D B Flint1*, D J O'Brien1 , C H McFadden1, T M Hallacy1,2, T Wolfe1, S Krishnan1, G O Sawakuchi1, (1) UT MD Anderson Cancer Center, Houston, TX. (2) Rice University, Houston, TX.

Presentations

SU-E-T-46 (Sunday, July 12, 2015) 3:00 PM - 6:00 PM Room: Exhibit Hall


Purpose: To determine the effect of gold-nanoparticles (AuNPs) on energy deposition in water for different irradiation conditions.

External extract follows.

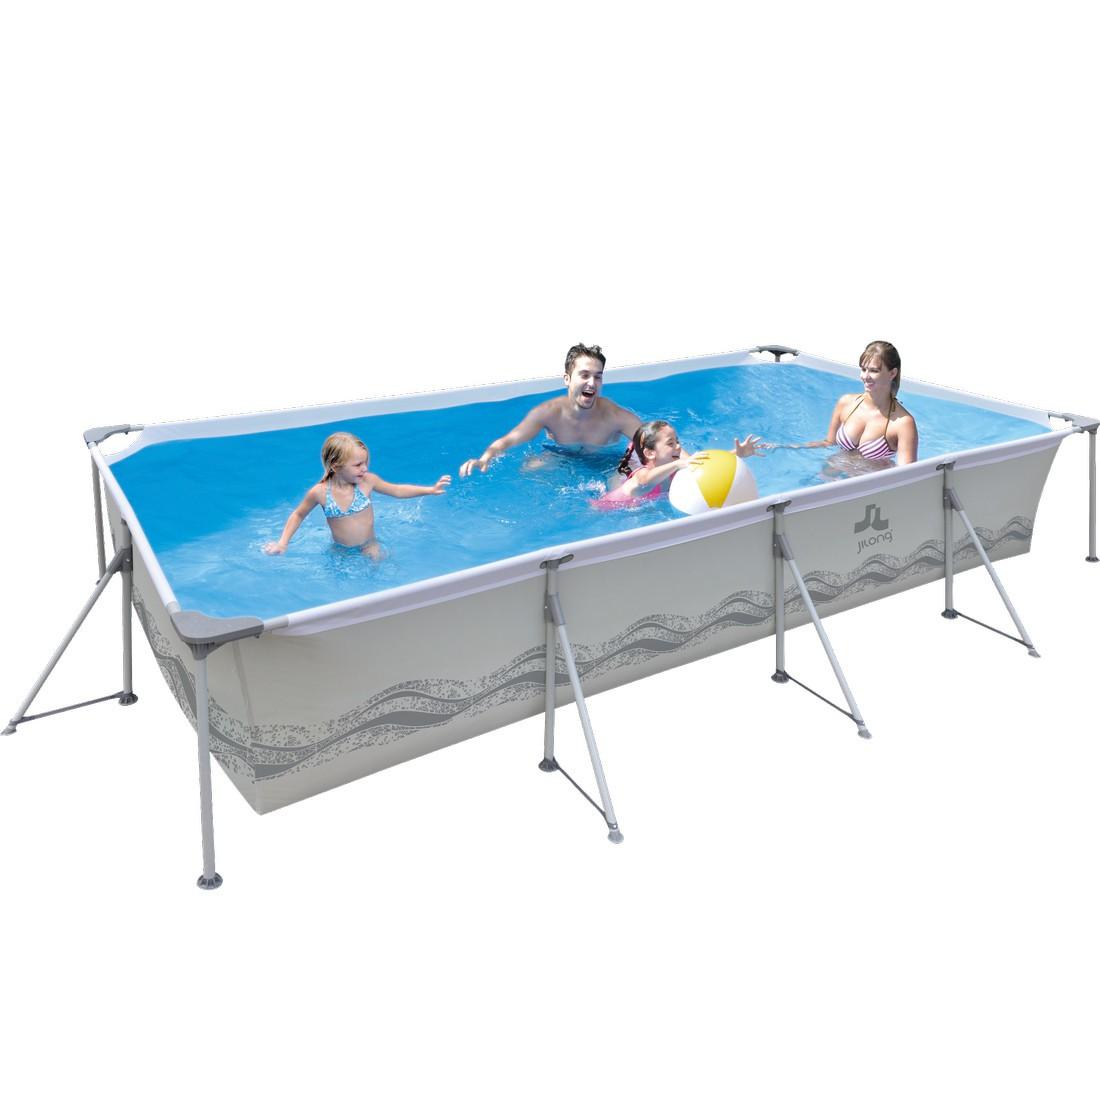 Achetez jilong passaat grey 300 piscine cadre en acier for Piscine rectangulaire acier

Methods: TOPAS version B12 Monte Carlo code was used to simulate energy deposition in water from monoenergetic 40 keV and 85 keV photon beams and a 6 MV Varian Clinac photon beam (IAEA phase space file, 10x10 cm², SSD 100 cm). For the 40 and 85 keV beams, monoenergetic 2x2 mm² parallel beams were used to irradiate a 30x30x10 μm³ water mini-phantom located at 1.5 cm depth in a 30x30x50 cm³ water phantom. 5000 AuNPs of 50 nm diameter were randomly distributed inside the mini-phantom. Energy deposition was scored in the mini-phantom with the AuNPs' material set to gold and then water. For the 6 MV beam, we created another phase space (PHSP) file on the surface of a 2 mm diameter sphere located at 1.5 cm depth in the water phantom. The PHSP file consisted of all particles entering the sphere including backscattered particles. Simulations were then performed using the new PHSP as the source with the mini-phantom centered in a 2 mm diameter water sphere in vacuum. The g4em-livermore reference list was used with “EMRangeMin/EMRangeMax = 100 eV/7 MeV” and “SetProductionCutLowerEdge = 990 eV” to create the new PHSP, and “SetProductionCutLowerEdge = 100 eV” for the mini-phantom simulations. All other parameters were set as defaults (“finalRange = 100 μm”).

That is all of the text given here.